Search code examples
c++constexprcompile-timelibrary-design

Raise compile-time error if a string has whitespace


I have a base class that is intended to be inherited by other users of the code I'm writing, and one of the abstract functions returns a name for the object. Due to the nature of the project that name cannot contain whitespace.

class MyBaseClass {

  public:

    // Return a name for this object. This should not include whitespace.
    virtual const char* Name() = 0;

};

Is there a way to check at compile-time if the result of the Name() function contains whitespace? I know compile-time operations are possible with constexpr functions but I'm not sure of the right way to signal to code users that their function returns a naughty string.
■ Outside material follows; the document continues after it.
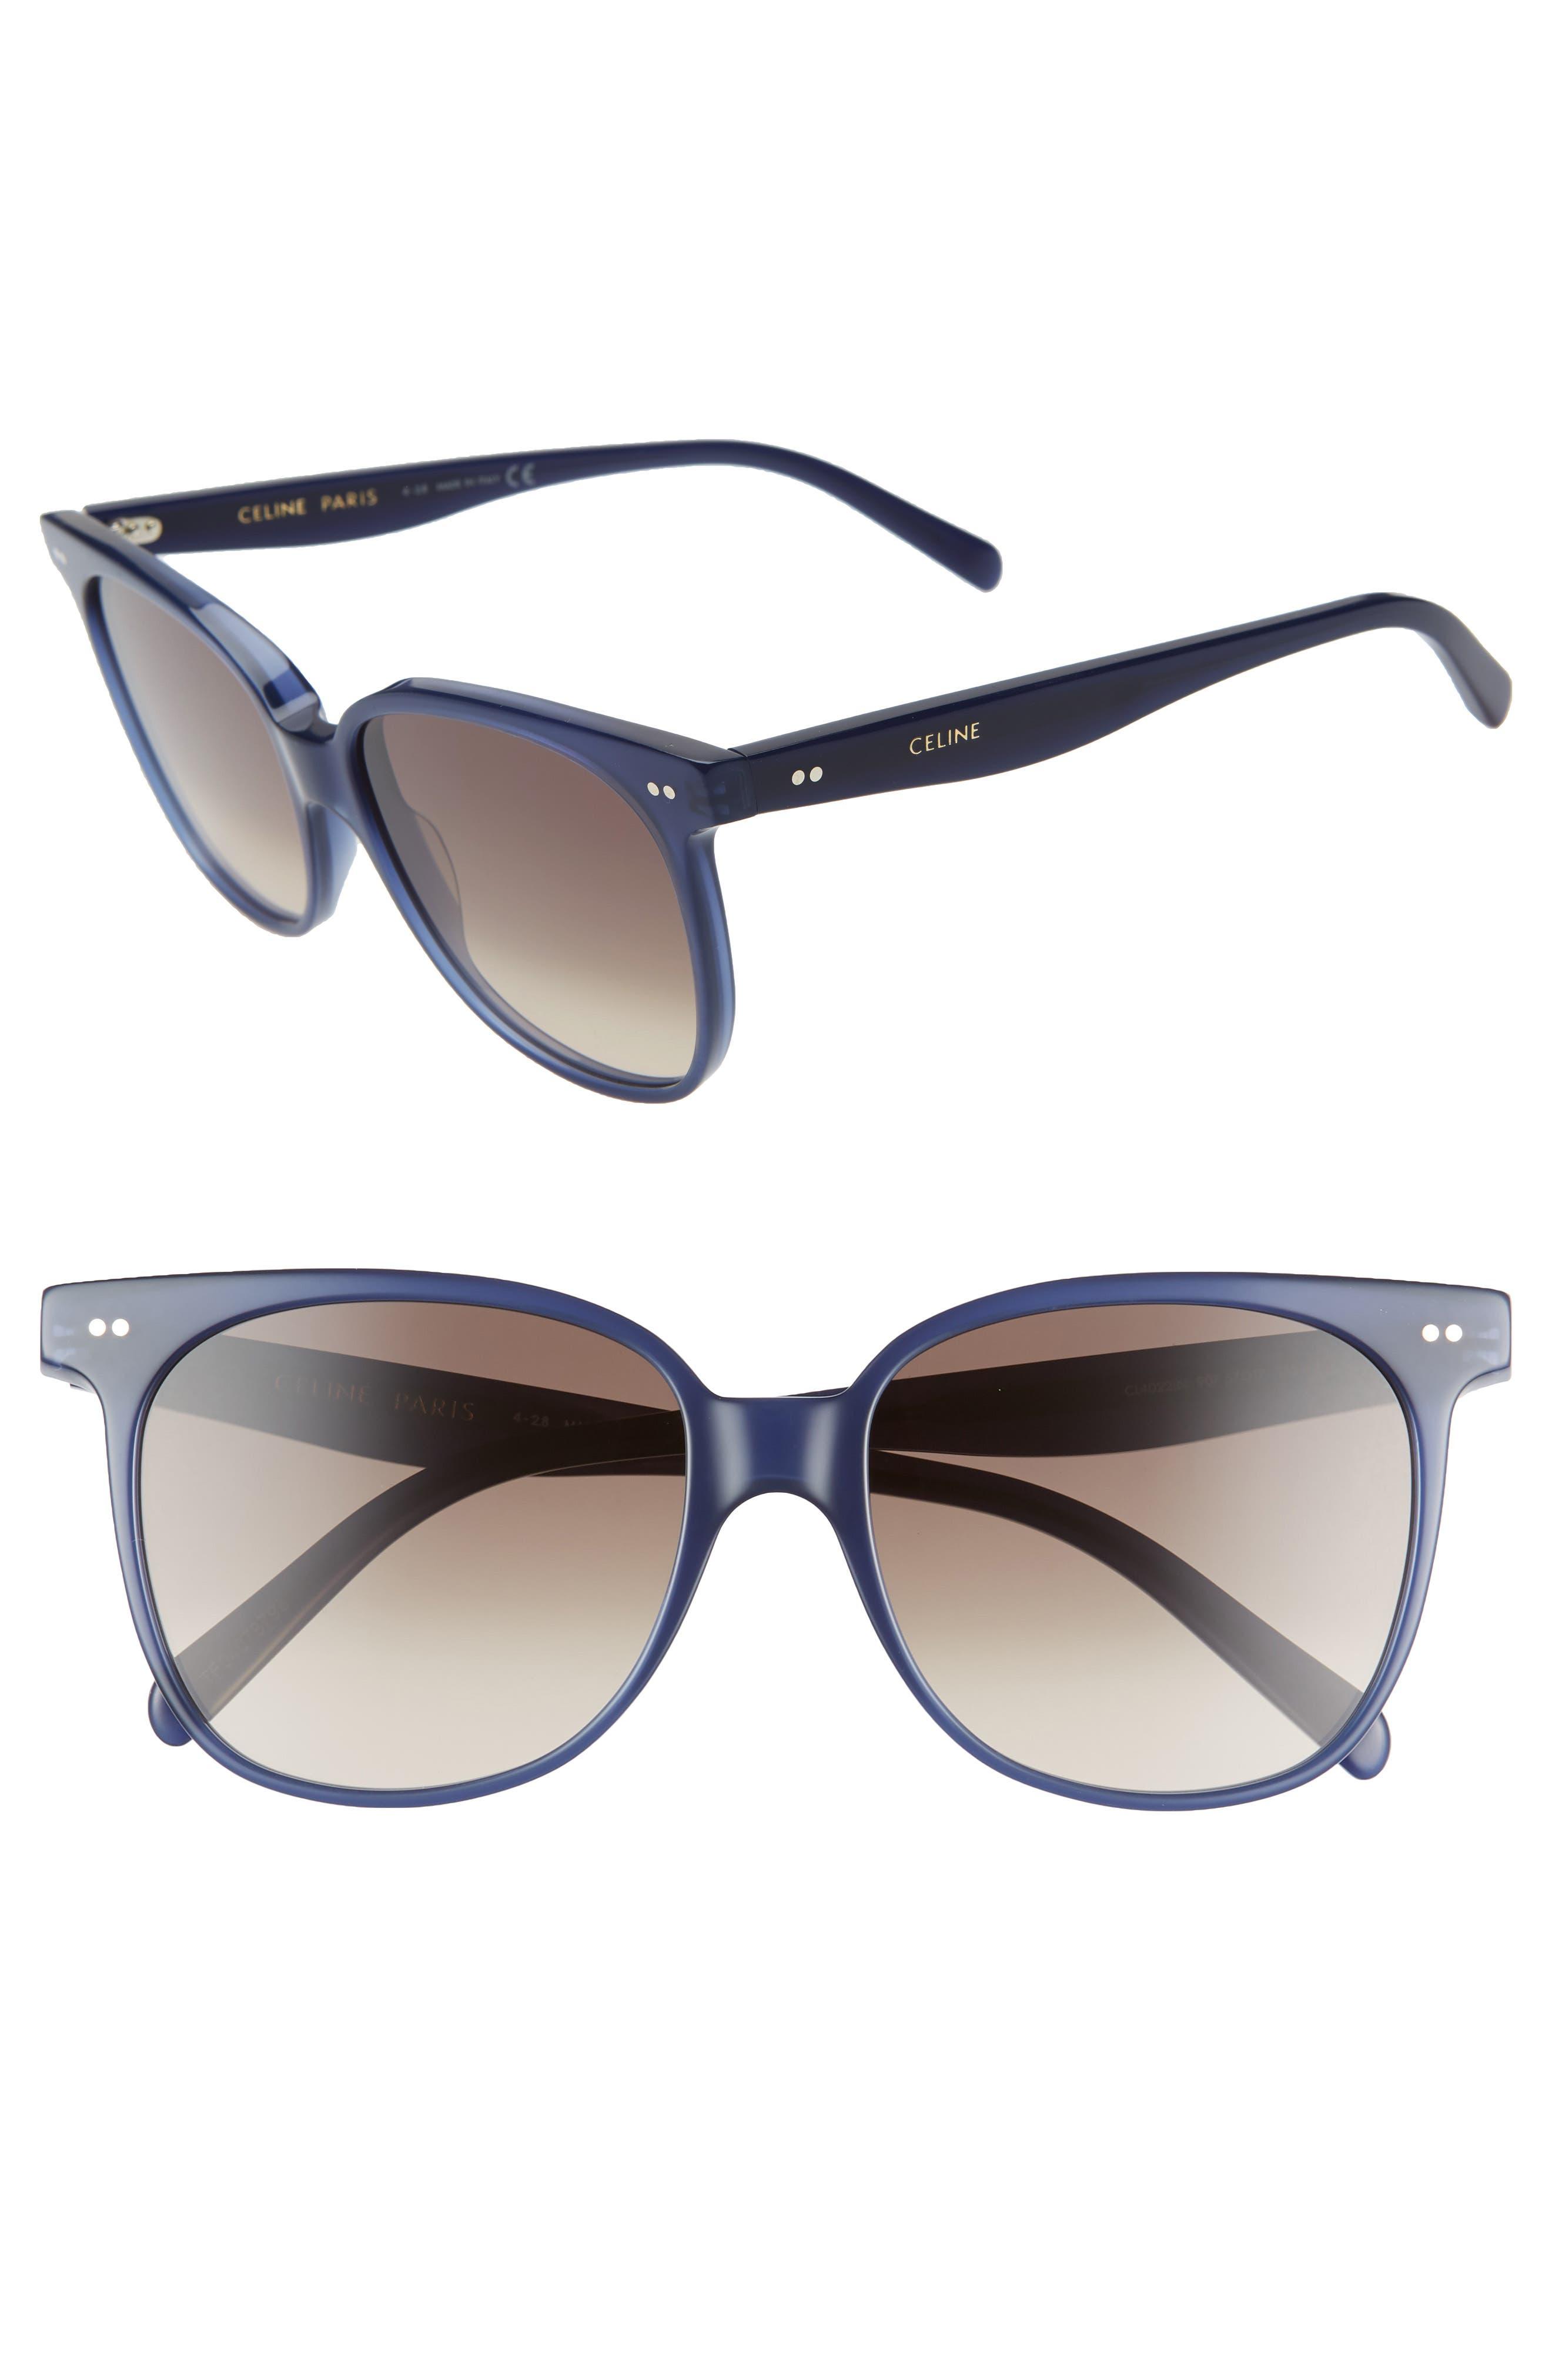 57mm Round Sunglasses,                             Main thumbnail 1, color,                             BLUE/ BROWN GRADIENT

I'm also unclear on how to get a constexpr function to actually be executed by the compiler to perform such a check (if constexpr is even the way to go with this).


Solution

  • I think this is possible in C++20.

    Here is my attempt:

    #include <string_view>
    #include <algorithm>
    #include <stdexcept>
    
    constexpr bool is_whitespace(char c) {
        // Include your whitespaces here. The example contains the characters
        // documented by https://en.cppreference.com/w/cpp/string/wide/iswspace
        constexpr char matches[] = { ' ', '\n', '\r', '\f', '\v', '\t' };
        return std::any_of(std::begin(matches), std::end(matches), [c](char c0) { return c == c0; });
    }
    
    struct no_ws {
        consteval no_ws(const char* str) : data(str) {
            std::string_view sv(str);
            if (std::any_of(sv.begin(), sv.end(), is_whitespace)) {
                throw std::logic_error("string cannot contain whitespace");
            }
        }
        const char* data;
    };
    
    class MyBaseClass {
      public:
        // Return a name for this object. This should not include whitespace.
        constexpr const char* Name() { return internal_name().data; }
      private:
        constexpr virtual no_ws internal_name() = 0;
    };
    
    class Dog : public MyBaseClass {
        constexpr no_ws internal_name() override {
            return "Dog";
        }
    };
    
    class Cat : public MyBaseClass {
        constexpr no_ws internal_name() override {
            return "Cat";
        }
    };
    
    class BadCat : public MyBaseClass {
        constexpr no_ws internal_name() override {
            return "Bad cat";
        }
    };
    

    There are several ideas at play here:

    • Let's use the type system as documentation as well as constraint. Therefore, let us create a class (no_ws in the above example) that represents a string without whitespaces.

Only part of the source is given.